Banyak cara yang dapat digunakan untuk menentukan
banyaknya karbohidrat dalam suatu bahan yaitu antara lain dengan cara kimiawi, cara fisik, cara
enzimatik atau biokimiawi dan cara kromatografi. Dalam ilmu dan teknologi pangan, analisa
karbohidrat yang biasa dilakukan misalnya menentukan jumlahnya secara
kuantitatif dalam rangka menentukan komposisi suatu bahan makanan, penentuan
sifat fisis atau kimiawinya yang berkaitan dengan kekentalan, kelekatan,
stabilitas larutan dan tekstur hasil olahannya.
Karbohidrat
yang berbentuk polimer memiliki ukuran molekul yang sangat besar dan kompleks
serta memiliki satuan monomer berbagai jenis
menyebabkan karbohidrat sulit ditentukan jumlah sebenarnya. Sering
jumlah karbohidrat hanya dapat dinyatakan sebagai jumlah monomer penyusunnya
saja misalnya sebagai heksosa atau pentosa total. Bahkan untuk senyawa polimer
yang homogen misalnya pati yang terdiri dari monomer glukosa saja, masih
memerlukan kurva standar yang menunjukan hubungan antara jumlah pati murni
dengan indikatornya (misalnya gula reduksi hasil hidrolisanya). Karena terdapat
perbedaan ukuran molekul antara jenis pati yang satu dengan yang lainnya dan
sulit mendapatkan pati yang betul-betul murni yang bebas air dan
senyawa-senyawa lain, maka cara analisa penentuan jumlah pati yang sebenarnya
menjadi sangat sulit.
Penentuan
karbohidrat yang paling mudah adalah dengan cara perhitungan kasar (proximate analysis) atau disebut juga Carbohydrate by Difference. Yang
dimaksud dengan proximate analysis
adalah suatu analisis di mana kandungan karbohidrat termasuk serat kasar
diketahui bukan melalui analisis tetapi melalui perhitungan:
Perhitungan Carbohydrate
by Difference adalah penentuan karbohidrat dalam bahan makanan secara
kasar, hasilnya biasanya dicantumkan dalam daftar komposisi bahan makanan.
Sebelum dilakukan analisa, bahan yang akan dianalisa
(sampel) harus dibebaskan dari zat-zat pencampur dan dilakukan penjernihan.

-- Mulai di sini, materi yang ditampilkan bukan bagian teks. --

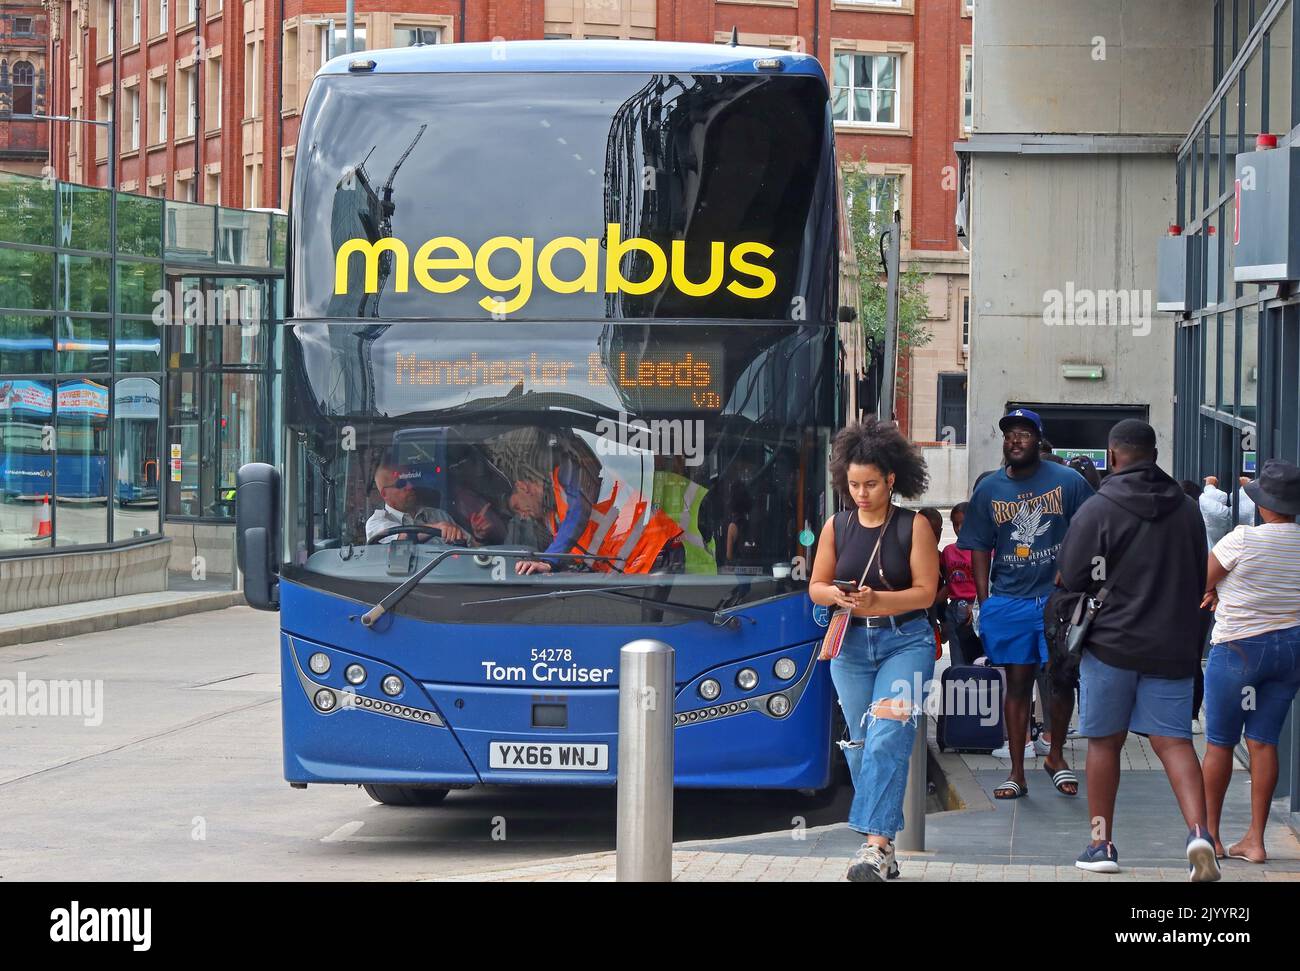 Megabus to Leeds , in Shudehill bus station and interchange, Manchester, England, UK, M4 2AF, Tom Cruiser , YX66 WNJ Stock Photo

Sampel digiling sampai halus dan dijaga agar tidak terjadi perubahan komposisi
kimiawinya dan sifat-sifat lain yang tidak dihendaki.
Lipid dan klorofil dihilangkan dengan cara ekstraksi
dengan eter, karena eter tidak melarutkan karbohidrat asal suhu lebih dari 50°C, pada suhu diatas 50° karbohidrat dapat larut dalam eter. Agar selama
menghilangkan zat-zat pencampur tidak terjadi inversi dan hidrolisa dari
sukrosa oleh asa-asam organik yang ada dalam bahan makanan/pertanian, maka
selama ektraksi ditambahkan kalsium karbonat. Apabila dalam sampel banyak
terkandung enzim yang dapat menghidrolisis gula maka tambahkan HgCl atau
ekstraksi dilakukan dengan etanol 96% dan sampel dipanaskan selama 30 menit.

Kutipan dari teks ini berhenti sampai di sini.